This plan suits Australian general practice trainees preparing for the Applied Knowledge Test, the multiple-choice knowledge component of RACGP Fellowship alongside the Key Feature Problem and the Clinical Competency Examination. The Australian-specific resource market is thinner than for some larger exams, so the central principle is building Australian-context general practice knowledge and transferable reasoning rather than rehearsing a limited pool, with college materials anchoring the work and iatroX as the adaptive retention layer.
Your situation
You are likely in general practice training, working clinical hours, so study time is limited. The AKT tests applied knowledge for Australian general practice, which means Australian guidelines, prescribing under the local system and Australian practice context, not just generic medicine. The dedicated Australian question pool is limited, which makes over-rehearsing a small set tempting and ineffective. The plan has to build reasoning and Australian context, retain a broad general practice curriculum, and fit around a training rota.
What goes in the mix
Use the RACGP's own resources and learning materials as your backbone for the format and the expected standard, and Australian clinical guidance — Therapeutic Guidelines and the relevant national guidelines — for the context the exam tests. Use available question practice for exposure, recognising the pool is limited. Use iatroX as the adaptive reasoning and retention layer alongside these: its engine targets your weak areas, spaces them for retention across a broad curriculum, and its Socratic Tutor rebuilds the decision behind a miss rather than letting you re-read it, which counters the recall-only risk a limited pool creates.
How to build the run-in
Plan across the months before your sitting, building reasoning rather than rehearsing a pool. Work the RACGP materials and available questions, but treat every question as a decision: predict your reasoning, name the misconception, and ask what would change the answer, rather than memorising the item. Take recurring misses into spaced remediation. Use Australian guidelines to ensure your management reflects local practice rather than another system's. As the exam nears, rehearse the format and timing. The weekly minimum is a daily block of questions properly reviewed for reasoning plus spaced re-testing, with attention to Australian context throughout. The discipline is reasoning over recognition, because a limited pool makes recall-only study especially tempting.
A week on the ground
Here is a concrete version — picture a training week in general practice. Your clinical work is itself revision when you engage with it — linking the patients you see to the guidelines and reasoning the AKT tests. On most evenings you do a focused block, predicting your reasoning before reading and debriefing each miss by asking what would change the answer rather than memorising the stem, with the remediation layer scheduling weak concepts to return. You hold a focus across several days so it consolidates. When a resource reflects non-Australian practice, you check the Australian position. On busy stretches you protect a smaller block rather than skipping. As the exam nears, you rehearse the format and timing. Across the week the emphasis is reasoning and Australian context, with the retention layer holding a broad general practice curriculum.
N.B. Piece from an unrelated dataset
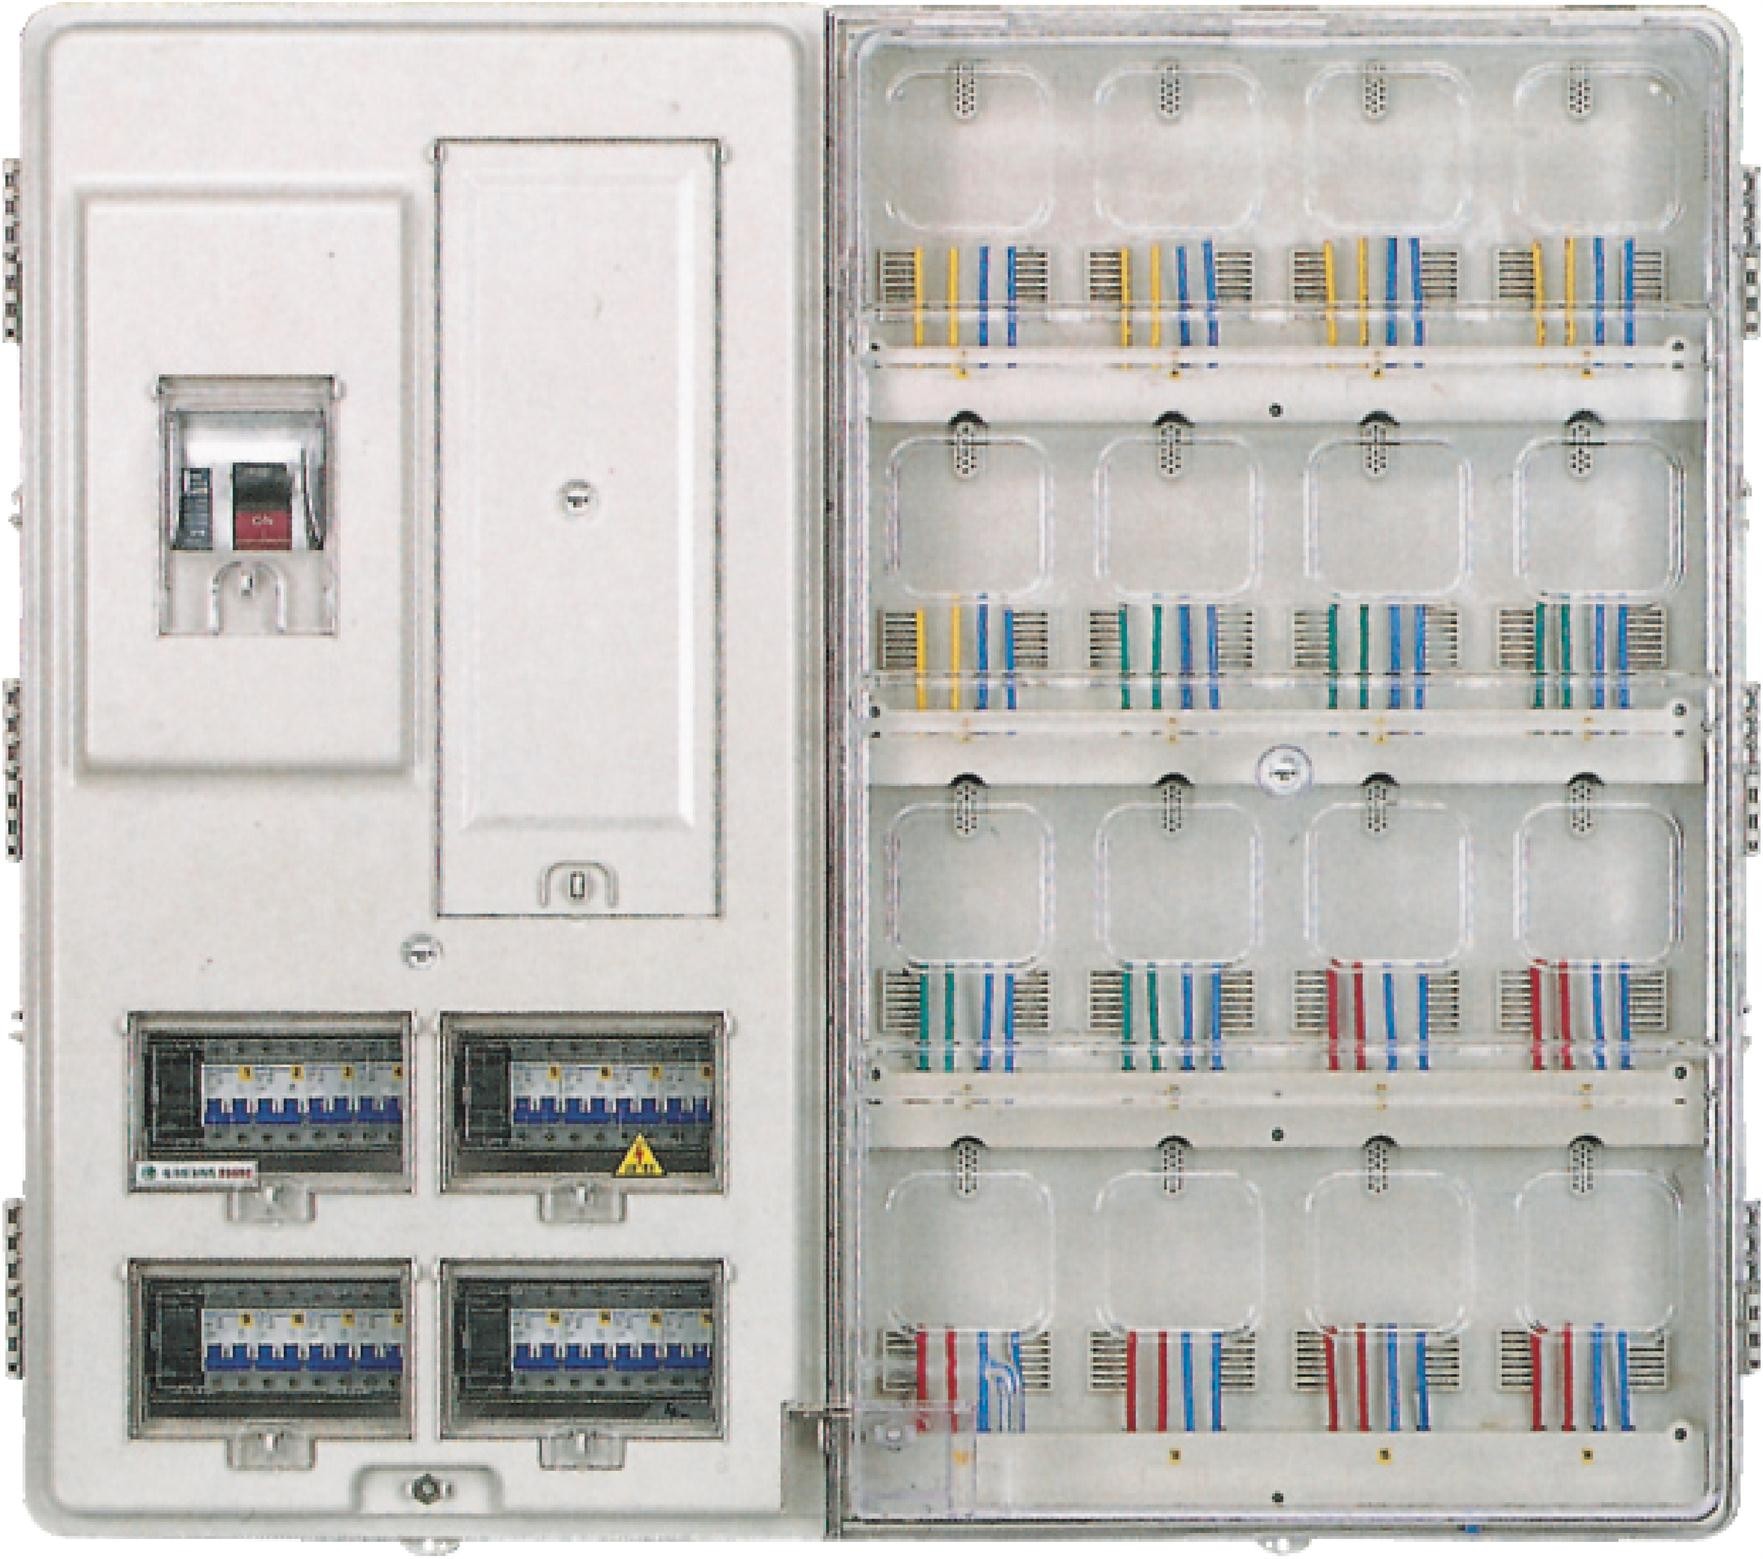 Jednofazowy mieszkaniowy licznik elektryczny 16 stanowisk montażowych na obudowie komputera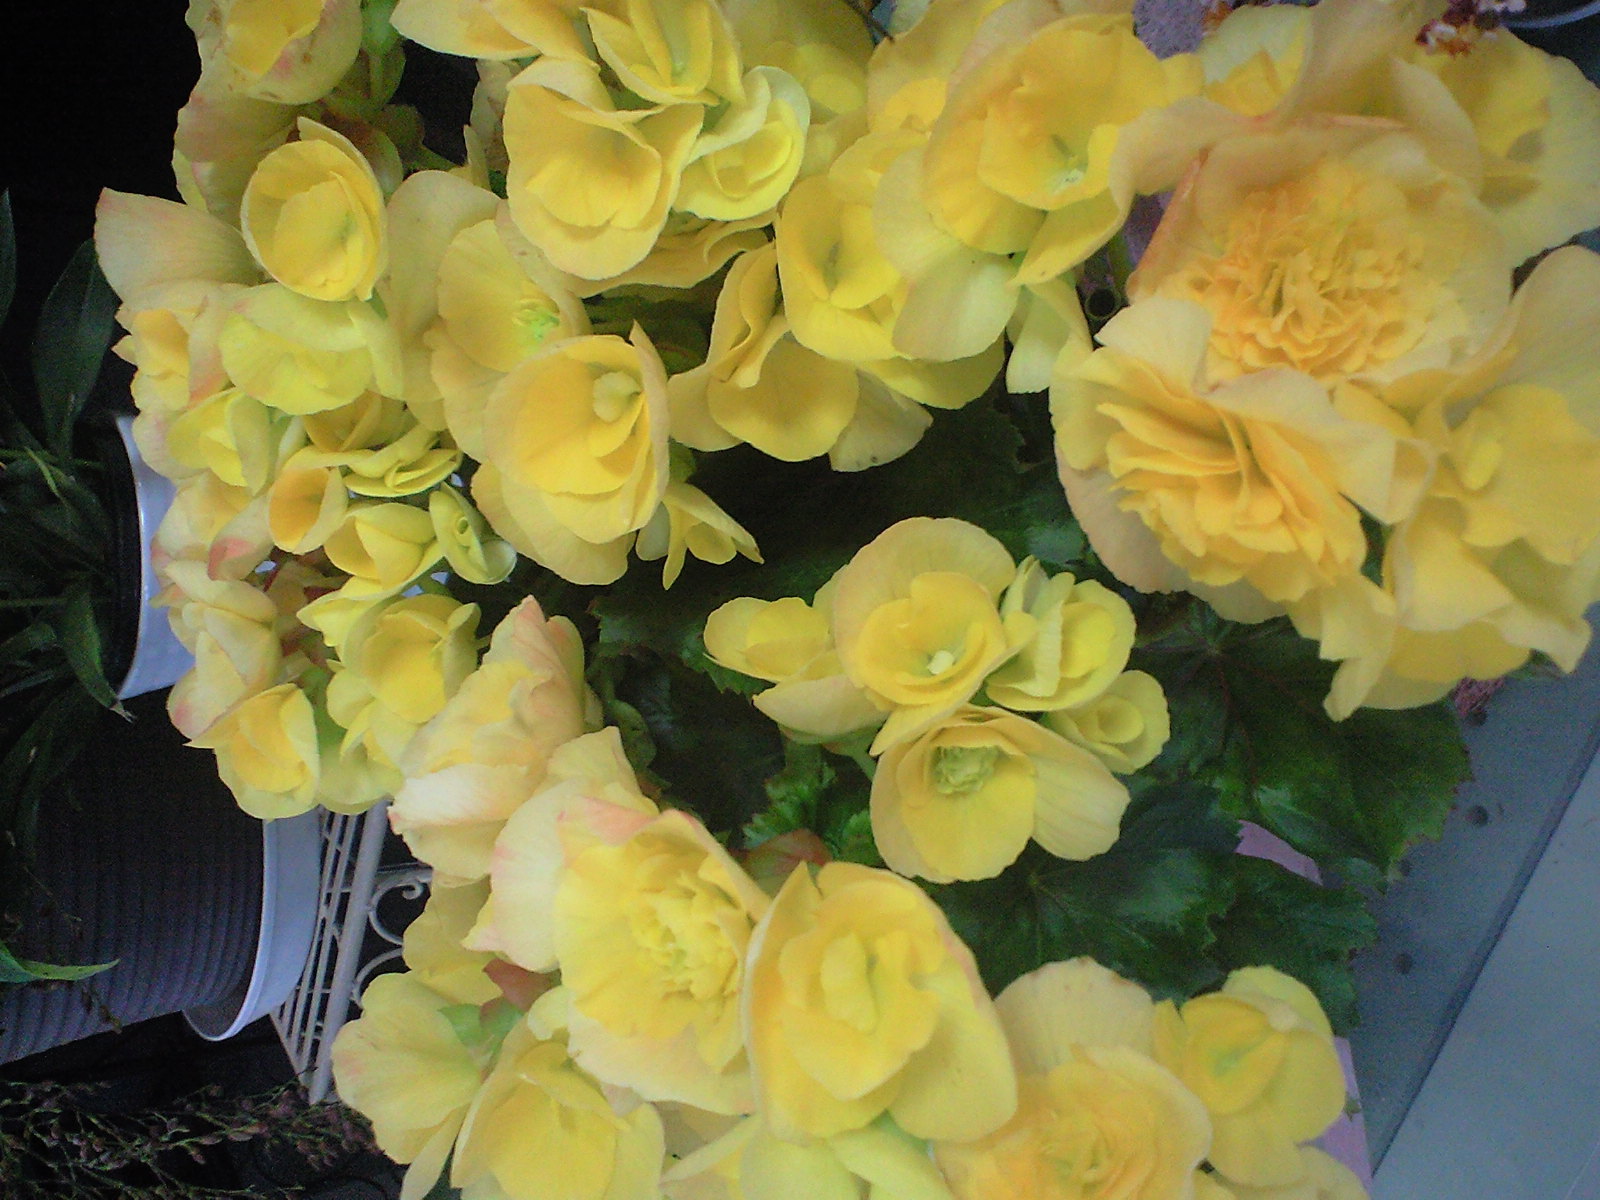 リーガスベゴニア 花ログ 園芸の写真 大阪 北摂 東京 世田谷 街 庭 庭園の花々 ガーデニング

The Australian context the AKT tests
What distinguishes the RACGP AKT is that it tests Australian general practice specifically, and that context is where generic preparation falls short. The relevant guidelines are Australian — Therapeutic Guidelines and the national disease-specific guidance — and prescribing reflects the local system rather than another country's formularies, so management answers turn on Australian practice. A candidate revising from non-Australian resources, or relying on cross-border banks, can give an answer that is reasonable elsewhere but not aligned to Australian guidance, and lose marks for it. The defence is to anchor your management knowledge in the Australian guidelines directly and to treat your clinical work as a source of locally-correct practice, while using any broader resources for the underlying reasoning rather than the specific local detail. Combined with reasoning over recognition — treating each question as a decision rather than a memorised item — this is what converts limited Australian-specific resources into genuine readiness for an exam built around Australian general practice.
How iatroX fits in
iatroX belongs here as the adaptive reasoning and retention layer beside the RACGP materials and Australian guidelines, not a substitute. Its engine targets the related weaknesses a miss reveals and spaces them for retention across a broad curriculum, and its Socratic Tutor rebuilds the decision behind a miss — asking what would change the answer — which counters the recall-only risk. The RACGP materials and Australian guidelines remain the source of Australian-specific context and currency.
When to rethink it
If you find yourself recognising questions rather than reasoning, slow down and rebuild the decision behind each. Anchor management in Australian guidelines and correct any non-Australian context. If time is short, prioritise reasoning practice and your weak areas over re-rehearsing a familiar pool. The warning sign is a rising score on a familiar set that does not transfer to unseen questions, which reasoning practice fixes. The KFP and Clinical Competency Examination are separate components with their own preparation.
Common questions
What does the AKT test? Applied knowledge for Australian general practice — Australian guidelines and local practice context, not just generic medicine.
Why is recall-only preparation a risk? Because the Australian-specific question pool is limited, so it is easy to over-rehearse a small set rather than reason.
How do I ensure Australian context? Anchor management in Therapeutic Guidelines and national guidance, and treat your clinical work as locally-correct practice.
Does this cover the KFP and CCE? No — those are separate Fellowship components needing their own preparation.